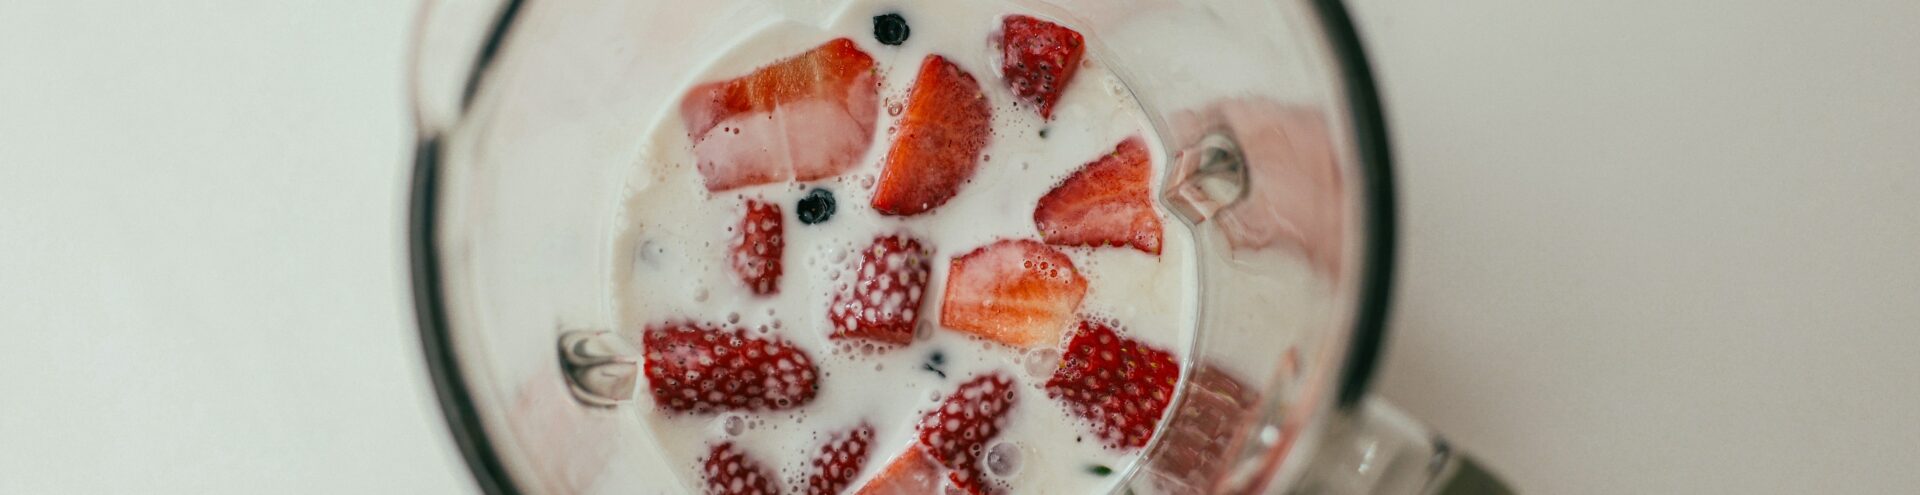 mug with strawberries and milk from above
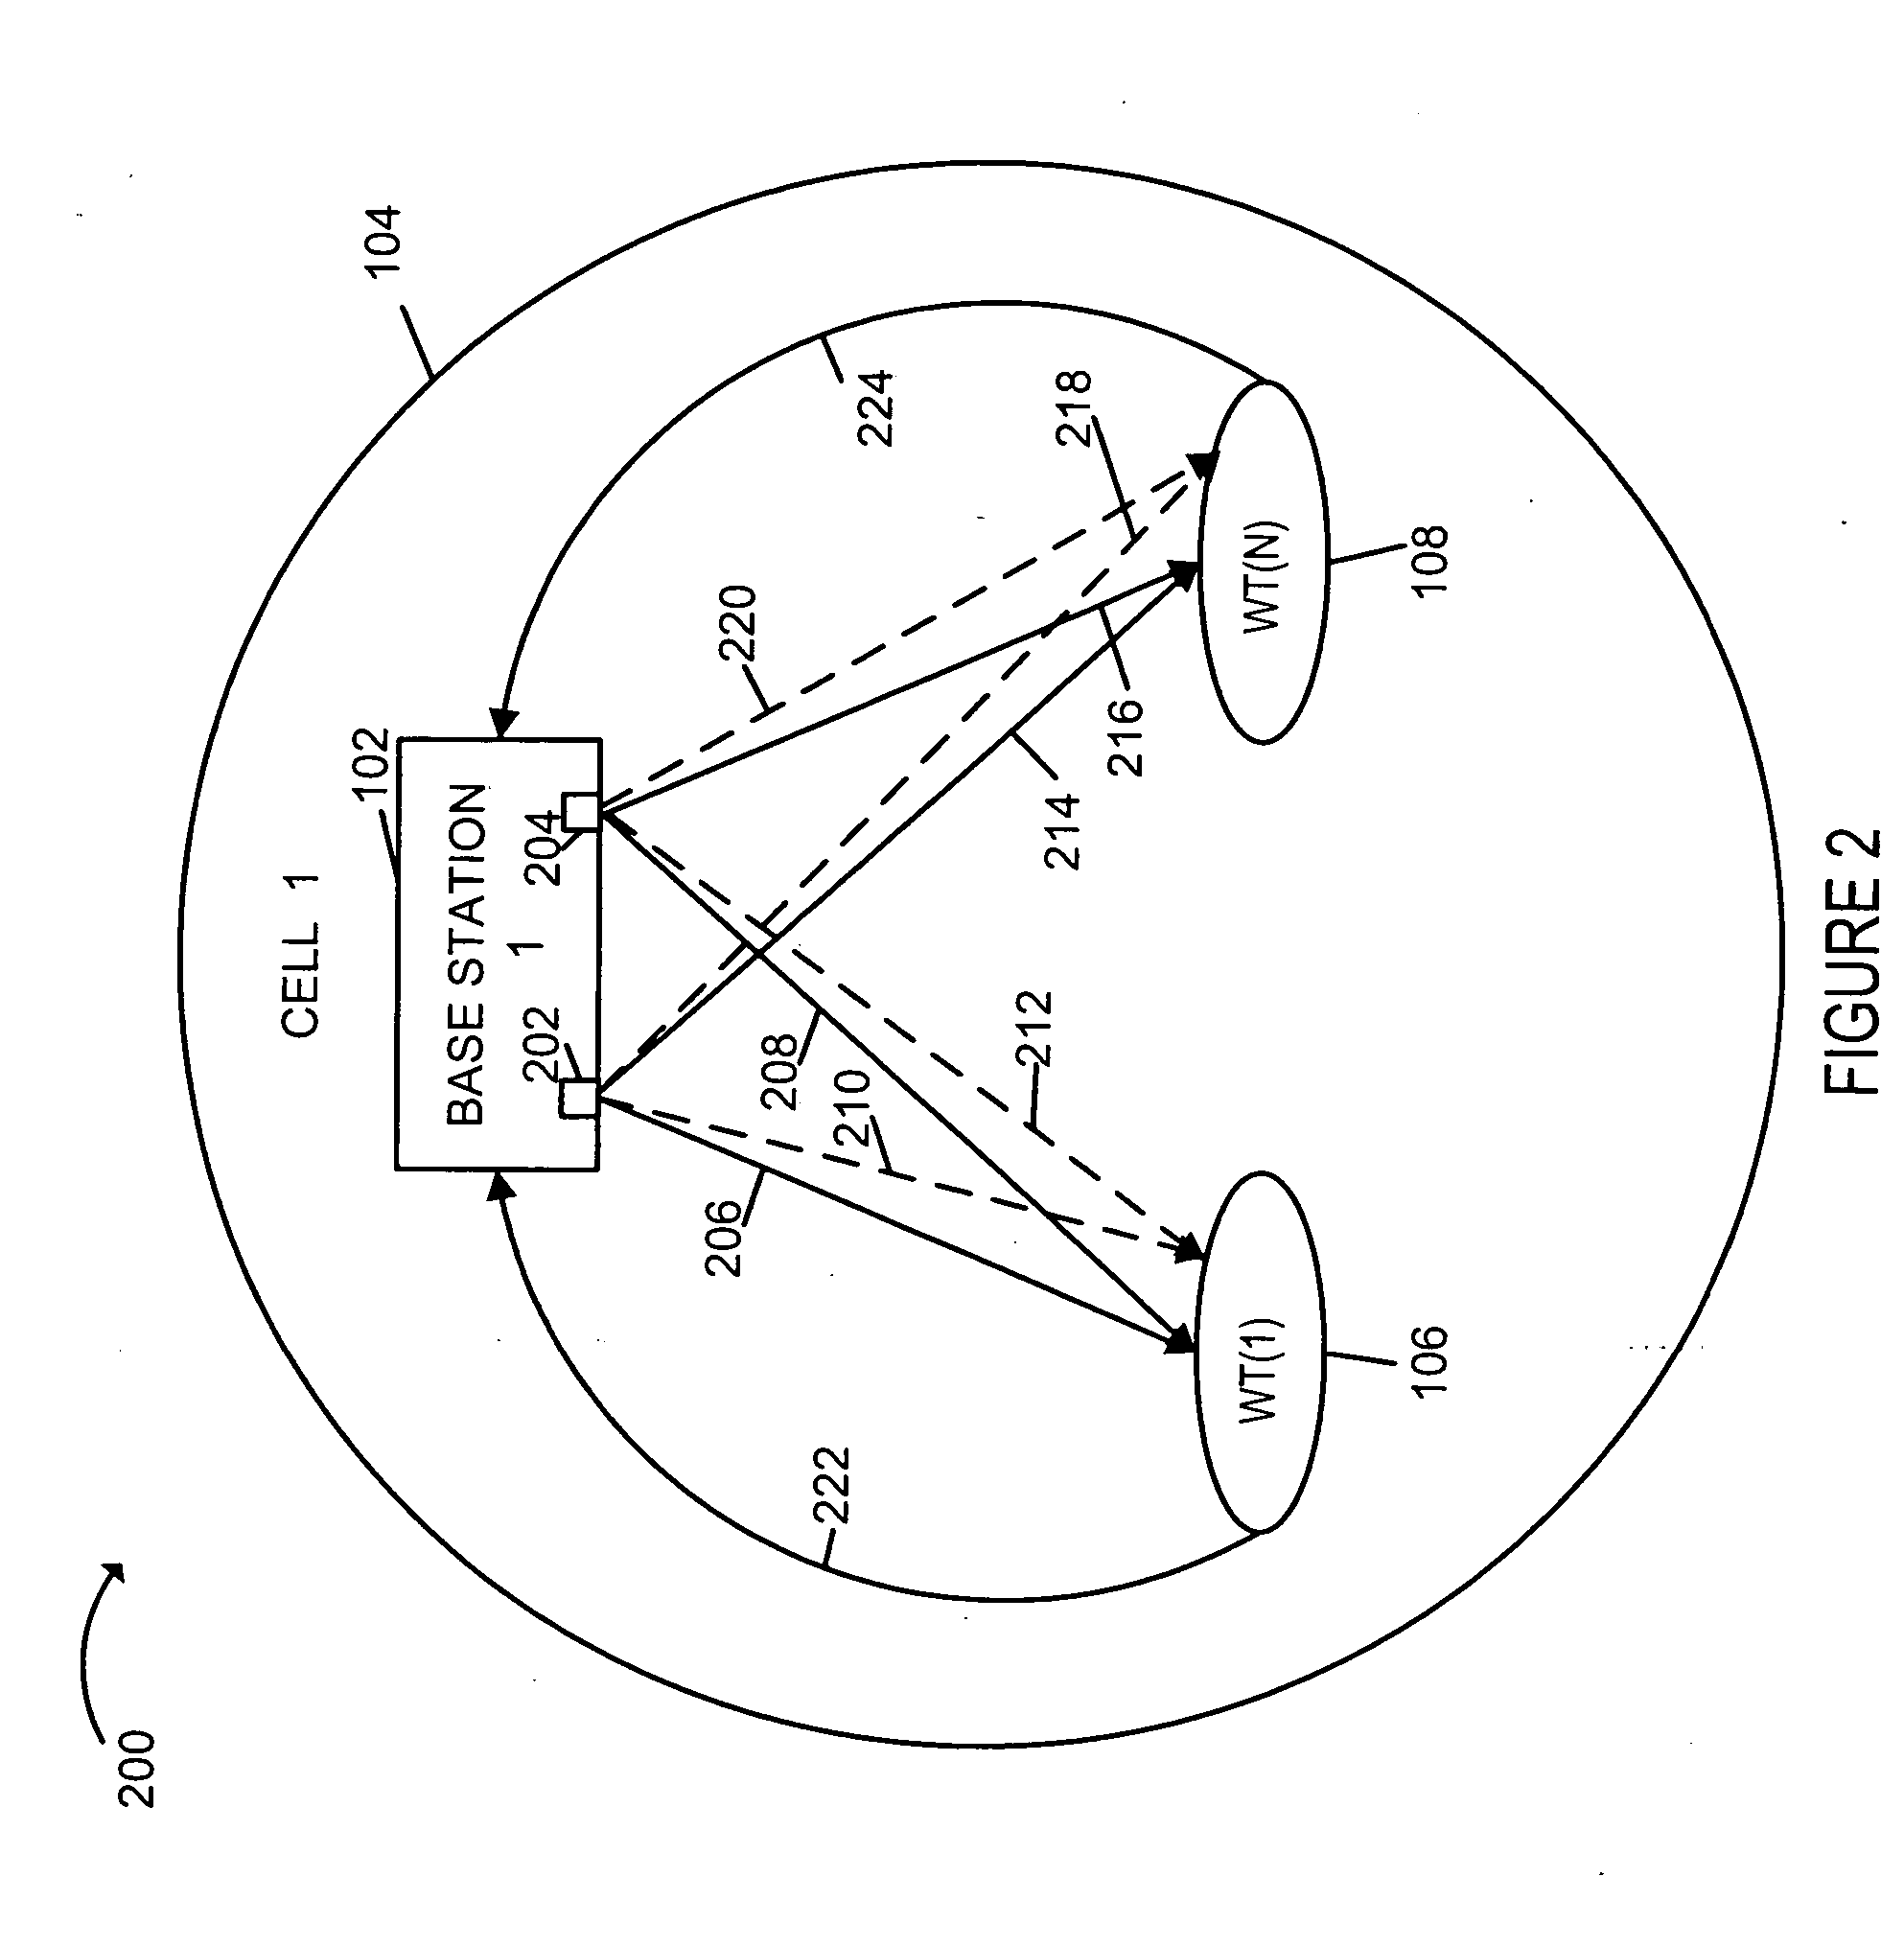 Methods and apparatus of providing transmit diversity in a multiple access wireless communication system
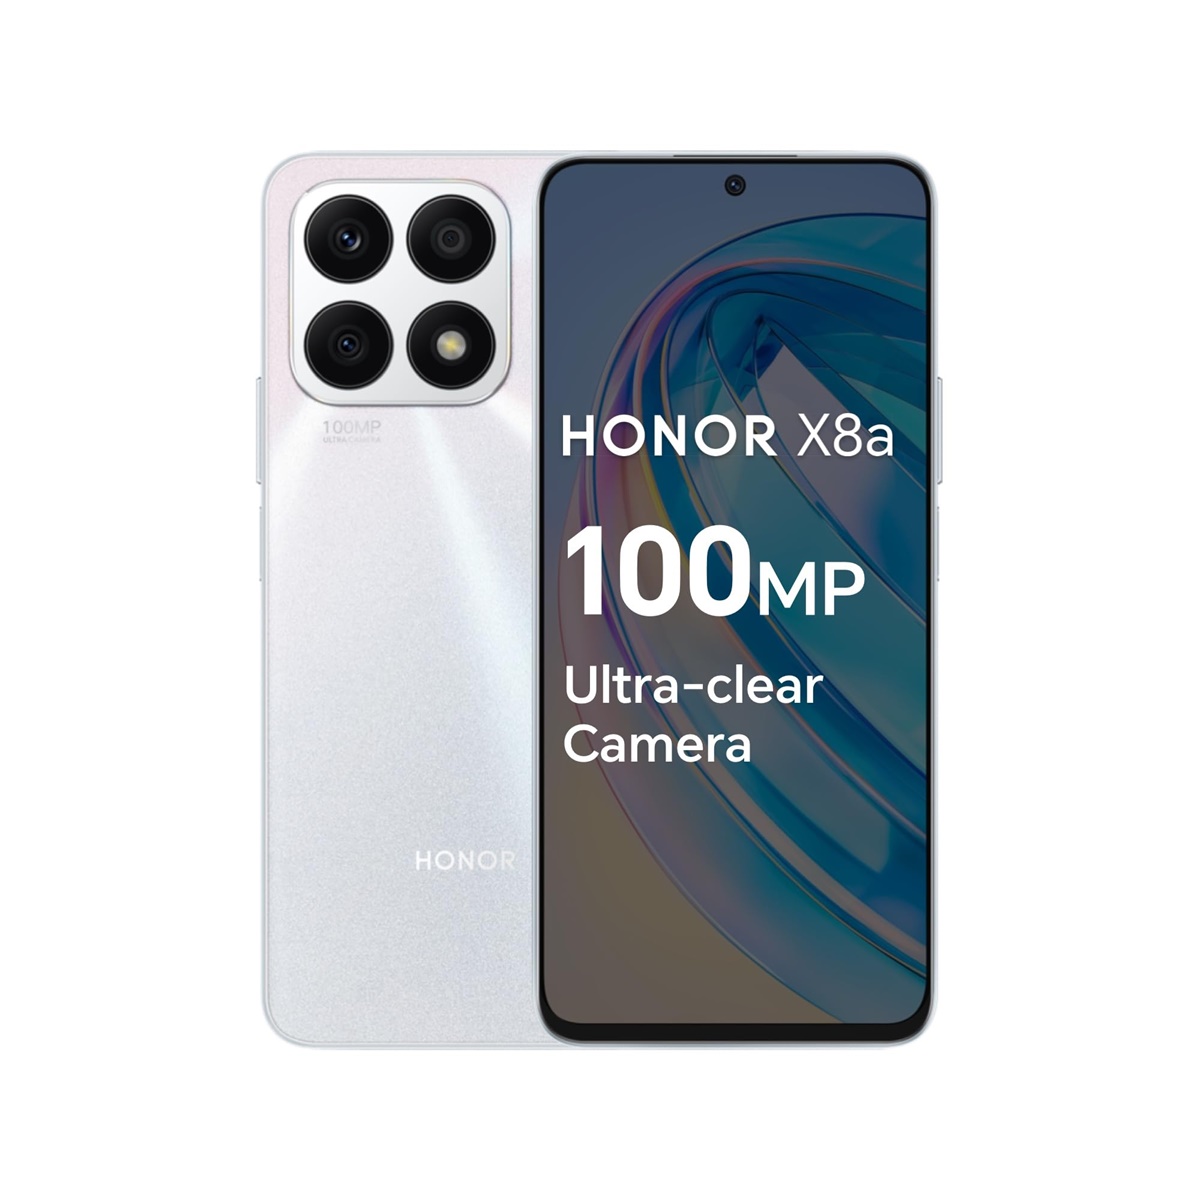 Honor X8a Released 2023, February 11, 179g, 7.5mm thickness, Android 12, Magic UI 6.1, 128GB storage, no card slot, 6.7"1080x2388 pixels, 100MP1080p, 4-12GB RAMHelio G88, 4500mAh23W

§ **ASSIGNMENT**: Every line of the data above is to be set down exactly; the pictures are not.

§ **EXERCISE RESULT**:
 mug with strawberries and milk from above
 Methods and apparatus of providing transmit diversity in a multiple access wireless communication system
 Honor X8a Released 2023, February 11, 179g, 7.5mm thickness, Android 12, Magic UI 6.1, 128GB storage, no card slot, 6.7"1080x2388 pixels, 100MP1080p, 4-12GB RAMHelio G88, 4500mAh23W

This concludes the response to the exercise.